Mundial

Hagibis deja sin sábado al Gran Premio de Japón

Lewis Hamilton, tras los primeros libres. /Kim Hong-Ji (Reuters)
Lewis Hamilton, tras los primeros libres. / Kim Hong-Ji (Reuters)

La clasificación se celebrará horas antes de la carrera, salvo que el tifón tampoco lo permita. En ese caso, serán los tiempos de los segundos libres los que determinen la parrilla

DAVID SÁNCHEZ DE CASTROMADRID

Sorprenderse por un tifón en Japón durante la época de tifones es como hacerlo por el calor en el Sahara o la lluvia en Galicia. A nadie debería extrañarle, por tanto, que haya más atención a las pantallas meteorológicas que a las de datos, dado que desde la FIA y la propia organización de la carrera en Suzuka ya advertían de que había la posibilidad de cambiar los horarios previstos.

El supertifón Hagibis ha decidido ser protagonista durante todo el fin de semana. Tras obligar a la suspensión de varios partidos del Mundial de rugby, ahora es el Gran Premio de Japón el que ve afectados sus horarios. Un comunicado de la FIA confirmaba justo después de los primeros libres del viernes, disputados en seco como los segundos, que quedaba cancelada toda actividad en el circuito del sábado. Ni terceros libres (eliminados del todo) ni clasificación, movida a horas antes de la carrera, se disputarán en sus horas previstas.

«Como resultado del previsible impacto del tifón Hagibis en el Gran Premio de Japón de Fórmula 1, Mobilityland y la Federación Japonesa del Automóvil (JAF) han decidido cancelar todas las actividades programadas para el sábado 12 de octubre. La FIA y la Fórmula 1 respaldan esta decisión en interés de la seguridad de los espectadores, competidores y todos los presentes en el circuito de Suzuka», rezaba el comunicado.

La parrilla quedará conformada a partir de las 3 de la madrugada del sábado al domingo (hora peninsular española), para que cuatro horas después arranque la carrera. Eso contando con que se pueda disputar dentro de una razonable normalidad, dado que aún hay posibilidad de que ni siquiera se llegue a poder rodar en condiciones. En ese caso, se tomarían los tiempos de los segundos entrenamientos libres, con Valtteri Bottas primero, seguido por Lewis Hamilton, Max Verstappen y Sebastian Vettel.
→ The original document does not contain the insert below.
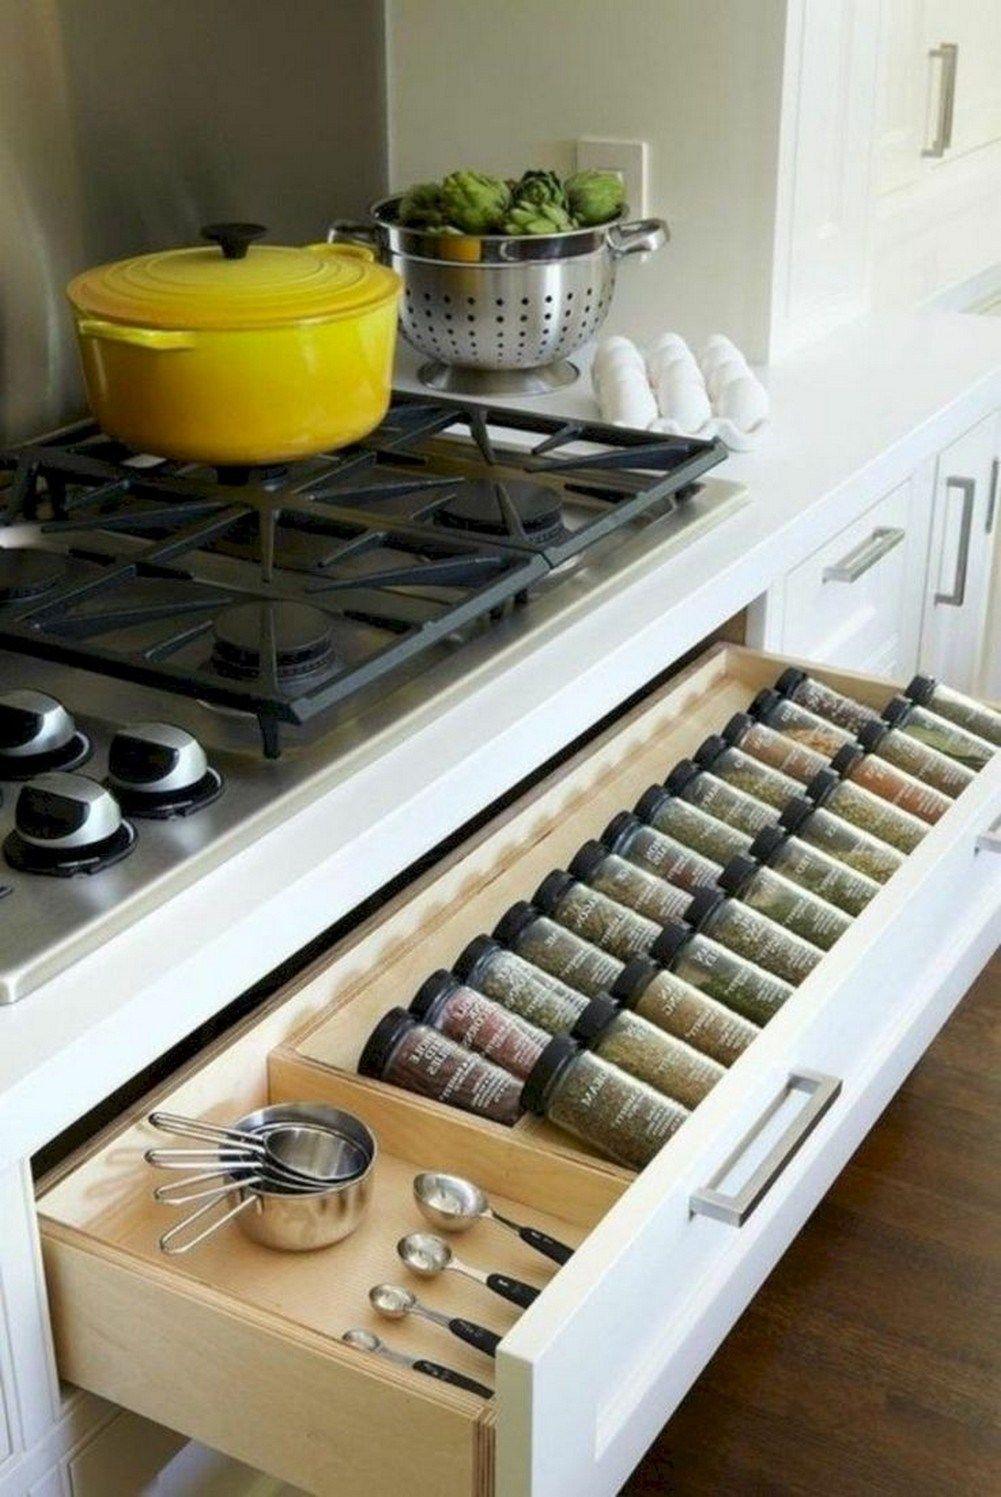 25 brilliant kitchen cabinet organization and tips ideas 7 on brilliant kitchen cabinet organization id=49147
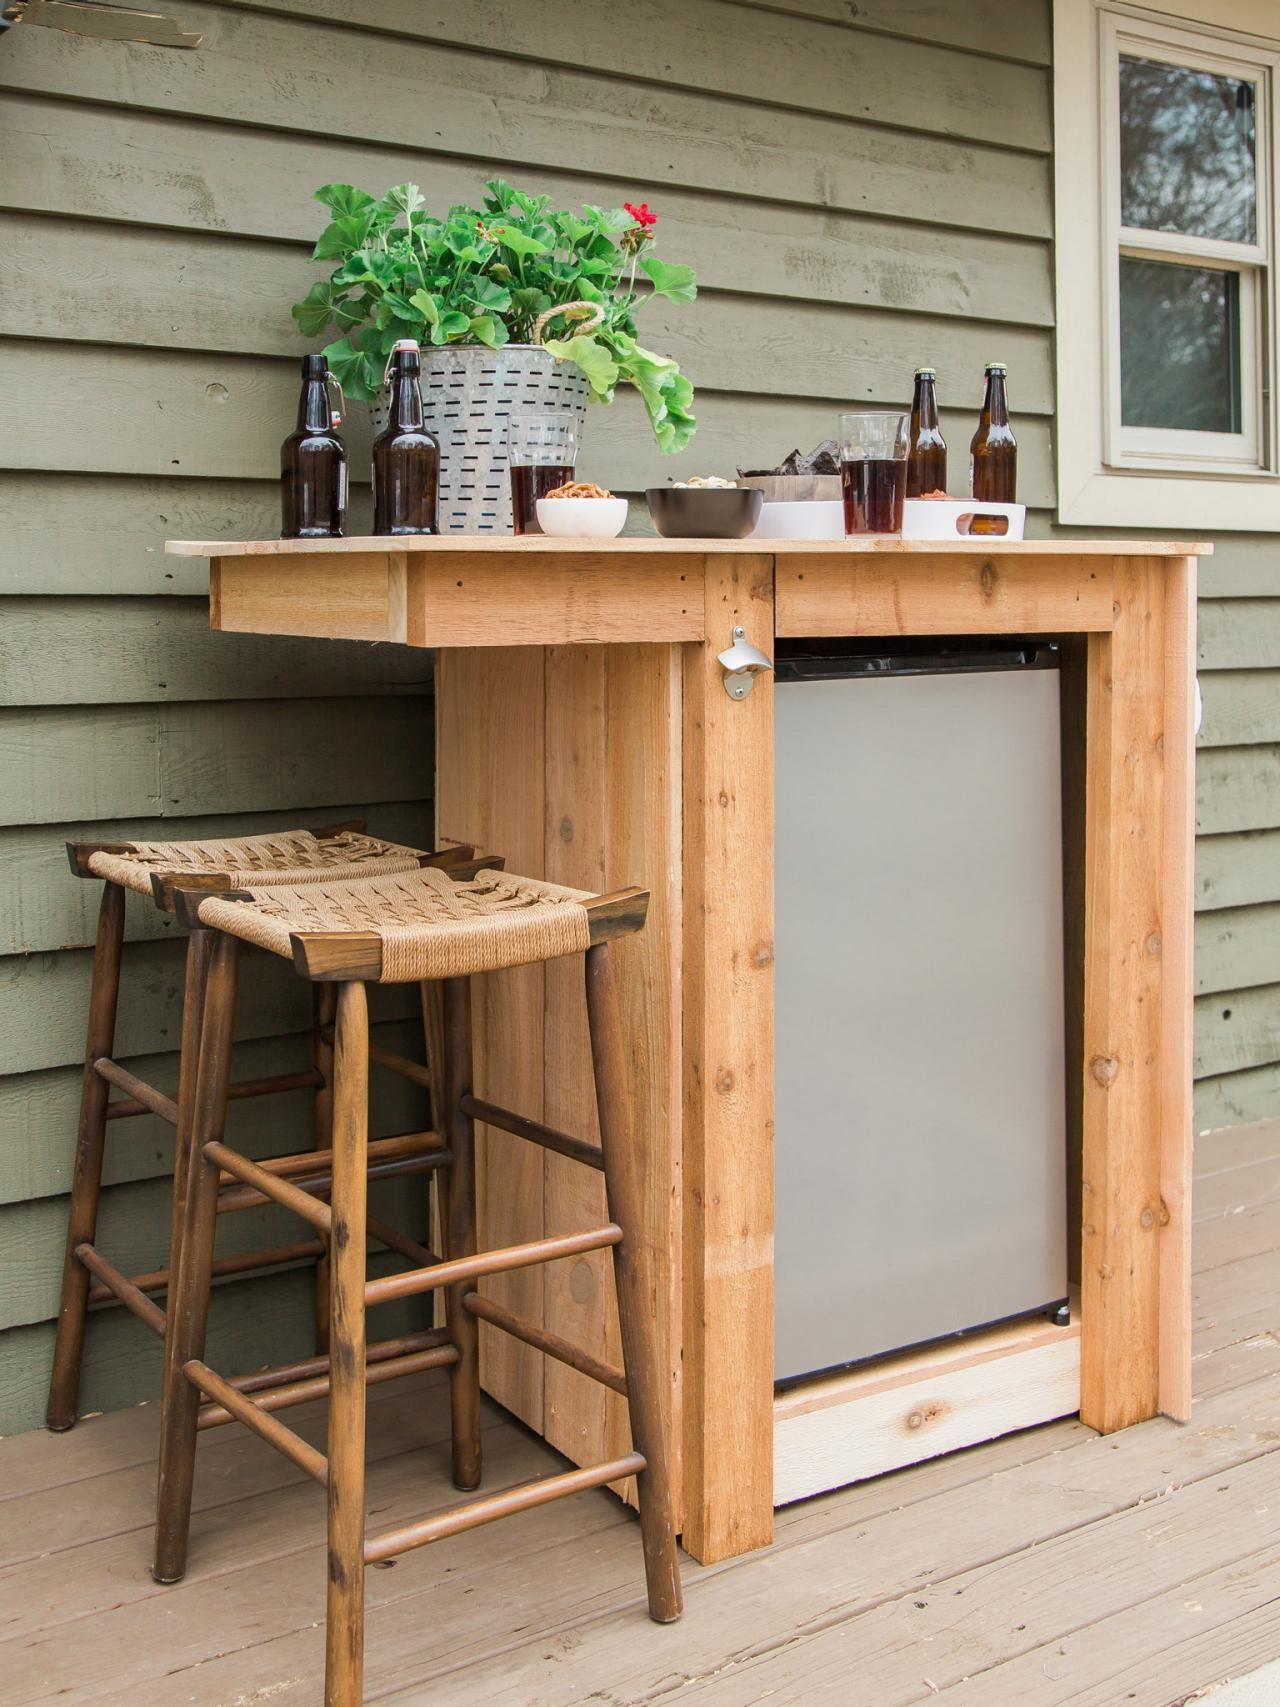 Waterproof Box For Outdoor Fridge Google Search Diy Outdoor

Carlos Sainz saldría séptimo.

La F1 y la lluvia, agua y aceite

La incidencia de la lluvia en Japón no es nueva. Ha ocurrido en incontables ocasiones, siendo las últimas en 2004 y 2010, cuando ya se trasladó la clasificación al domingo, o en 2014, cuando la anegada pista provocó la salida de pista de Adrian Sutil y, después, la de Jules Bianchi. El fatal accidente del francés contra la grúa que sacaba el Sauber del alemán hizo que se cambiara el protocolo de actuación en torno a las carreras con lluvia.

Sin embargo, en términos generales, la presencia de las precipitaciones en un Gran Premio de Fórmula 1 suele dar muchos problemas. La imprevisibilidad de lo que pueda ocurrir, los accidentes o las dificultades para pilotar propician carreras más entretenidas para el espectador, pero mucho más complejas para los pilotos y especialmente los ingenieros, que acaban desquiciados.

El comportamiento de Pirelli en este sentido también está muy en entredicho. Kimi Räikkönen calificaba de «ridículo» el comportamiento de los monoplazas en mojado, y buena culpa de ello la tienen los neumáticos. Si el suministrador de ruedas diera unas de lluvia extrema de verdad, la presencia de agua en el asfalto no sería impedimento para verles conducir. Vienen a la mente en estos casos, y más cuando el escenario es Japón, grandes maestros del pilotaje en lluvia, con el eterno Ayrton Senna como máximo exponente.

La noticia de la cancelación del sábado da un día menos de trabajo a los equipos, algo que nunca es bueno dados los pocos kilómetros y oportunidades que tienen para probar. Mercedes, que salvo sorpresa se proclamará campeón del mundo de constructores el domingo, mira al cielo esperando que le sean propicios los augurios. Valtteri Bottas y Lewis Hamilton no quieren fallar, máxime cuando Red Bull y Ferrari están al acecho, mucho más que nunca. Para ellos, lo que peor les viene es una carrera con lío.

Todo lo contrario que a Carlos Sainz, que con poco que perder y mucho que ganar puede jugársela a una carrera arriesgada en agua. En seco este viernes demostró que el séptimo puesto, el mejor del resto, es más que un objetivo, una obligación.